# Tripartite division of the soul



## Davidius (Mar 22, 2007)

For those of you who have read Plato, I was wondering if you could help me with regard to his tripartite division of the soul. My primary source is Book 4 of Republic.

In the book, Plato (through Socrates) uses what my professor refers to as a _Principle of Opposites (PO)_ to argue that the human soul must be divided into three parts because humans experience related yet conflicting desires. In his commentary, Dr. Reeve (my prof) states that "PO is simply the principle of noncontradiction, formulated in terms of properties rather than propositions, and restricted to properties that are relational forms." I'll quote some of Plato (with some of my own paraphrasing) to flesh this out a little.

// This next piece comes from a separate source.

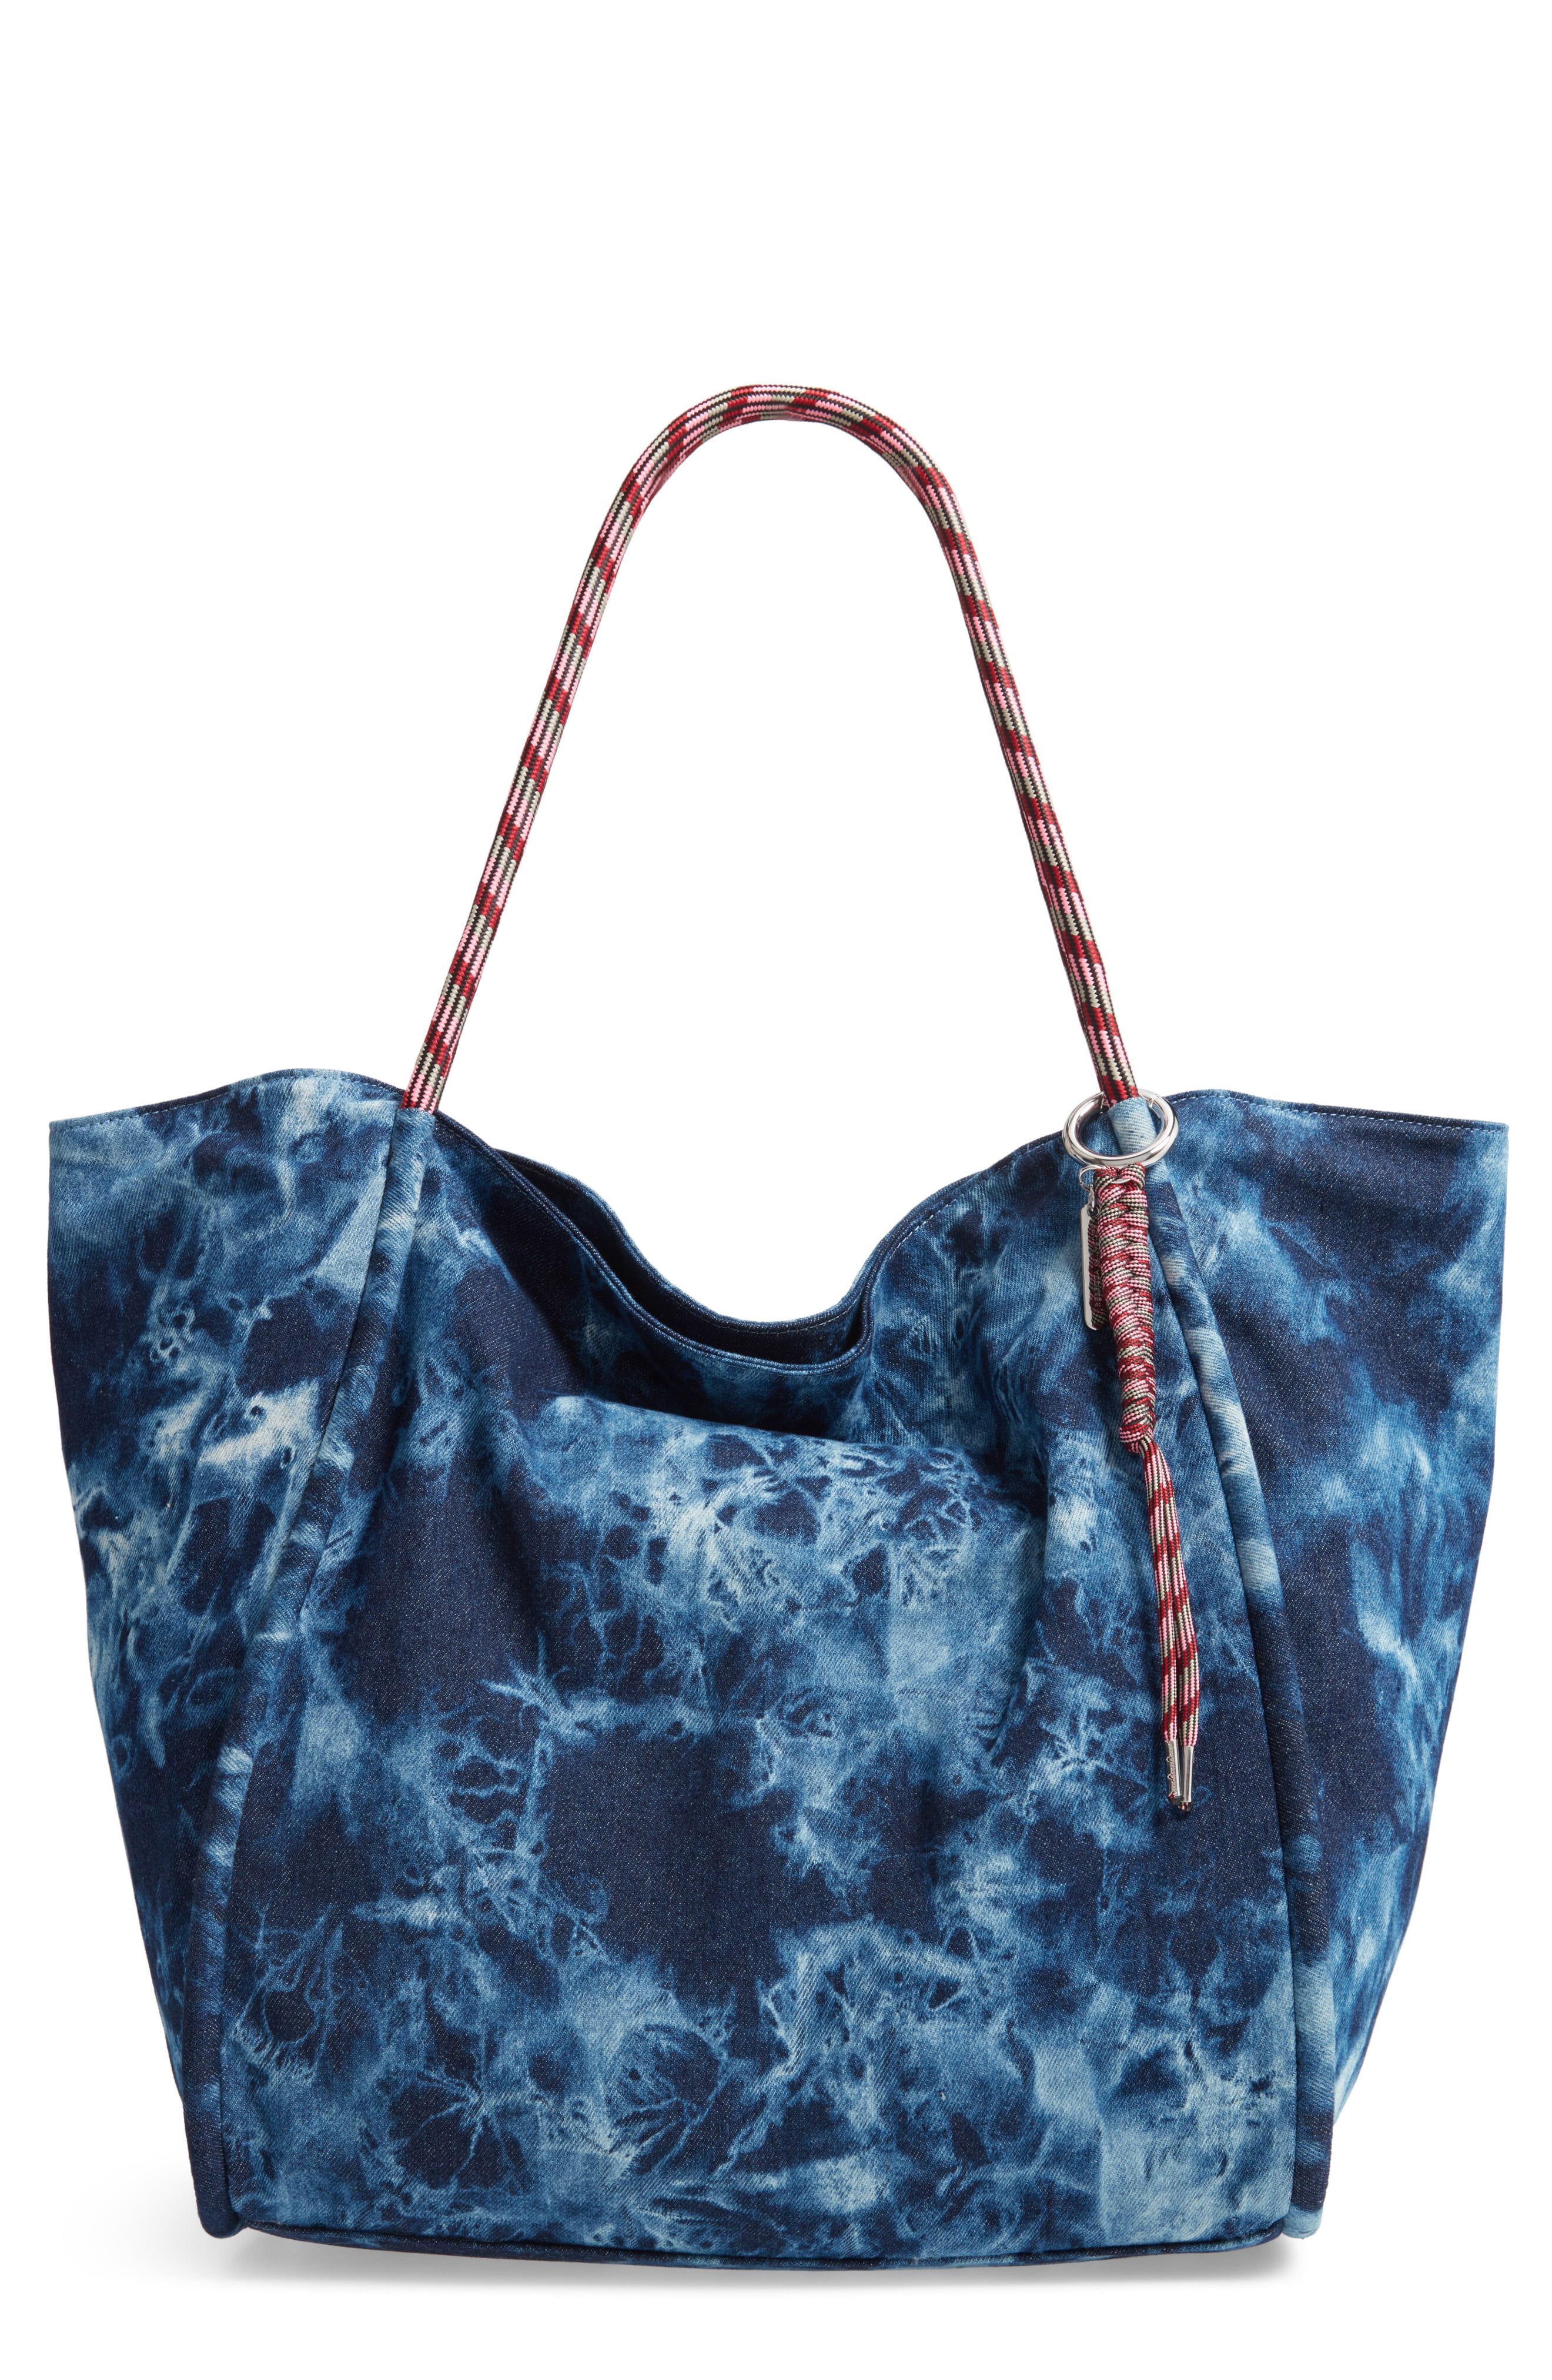 FICOO Animal Sleeping Fox Leaf Women Tote Bag Large Shoulder Bag Travel Gym Reusable Grocery Shopping Handbag

> It is clear that the same thing cannot do or undergo opposite things; not, at any rate, in the same respect, in relation to the same thing, at the same time. So, if we ever find that happening here, we will know that we are not dealing with one and the same thing, but with many.
> 
> It is not possible for the same thing, at the same time, and in the same respect, to be standing still and moving. If one were to say that this were true of a spinning top, we would say that objects of this sort have multiple axes and that, while the object is moving with regard to one axis, it is still with regard to the other.
> 
> ...



Socrates to go on in saying that there is yet a third division of the soul, the spirited part. This part is sensitive to things such as honor, anger, valor, shame, etc. I won't go into too much detail with this part unless someone asks. I'm mainly interested in dealing with the PO, the very premise for the entire deal. At one point, Socrates states that the entire things falls apart if this premise can be proven false. I've read several articles, one of the best of which was by John Murray, on a scriptural response to trichotomy but I was wondering if anyone can help me answer Plato's philosophical argument from a philosophical standpoint. If a man wants to commit adultery because of sexual urges (appetitive) but also does not want to because of moral or other reasons, does this reasoning on his part prove that his soul is ontologically divided? I'm currently writing a paper in response to another paper on the "spirited element" of the soul and I'd like to refute the entire notion of trichotomy while also showing inconsistencies with the writer of the paper's notions of the spirited element and Plato's.


----------



## Dieter Schneider (Mar 22, 2007)

CarolinaCalvinist said:


> For those of you who have read Plato, I was wondering if you could help me with regard to his tripartite division of the soul. My primary source is Book 4 of Republic.
> 
> In the book, Plato (through Socrates) uses what my professor refers to as a _Principle of Opposites (PO)_ to argue that the human soul must be divided into three parts because humans experience related yet conflicting desires. In his commentary, Dr. Reeve (my prof) states that "PO is simply the principle of noncontradiction, formulated in terms of properties rather than propositions, and restricted to properties that are relational forms." I'll quote some of Plato (with some of my own paraphrasing) to flesh this out a little.
> 
> ...



Are you familiar with http://www.thirdmill.org/sermons/compile_topic.asp/site/iiim/category/subjects/topic/Nature of Man also see http://www.monergism.com/directory/...imple&search_kind=and&phrase=trichotomy&B1=Go


----------



## VanVos (Mar 22, 2007)

See here also for a paper by Dr.Bahnsen on the mind/body problem

http://www.cmfnow.com/articles/pa143.htm


----------



## Davidius (Mar 22, 2007)

Thanks, guys! Anyone else?


----------



## bookslover (Mar 22, 2007)

When I was a boy, I had several cans of Plato, which came in various colors. Never tried to eat the stuff, though, like some kids.


----------



## Davidius (Mar 23, 2007)

bookslover said:


> When I was a boy, I had several cans of Plato, which came in various colors. Never tried to eat the stuff, though, like some kids.



har har har


----------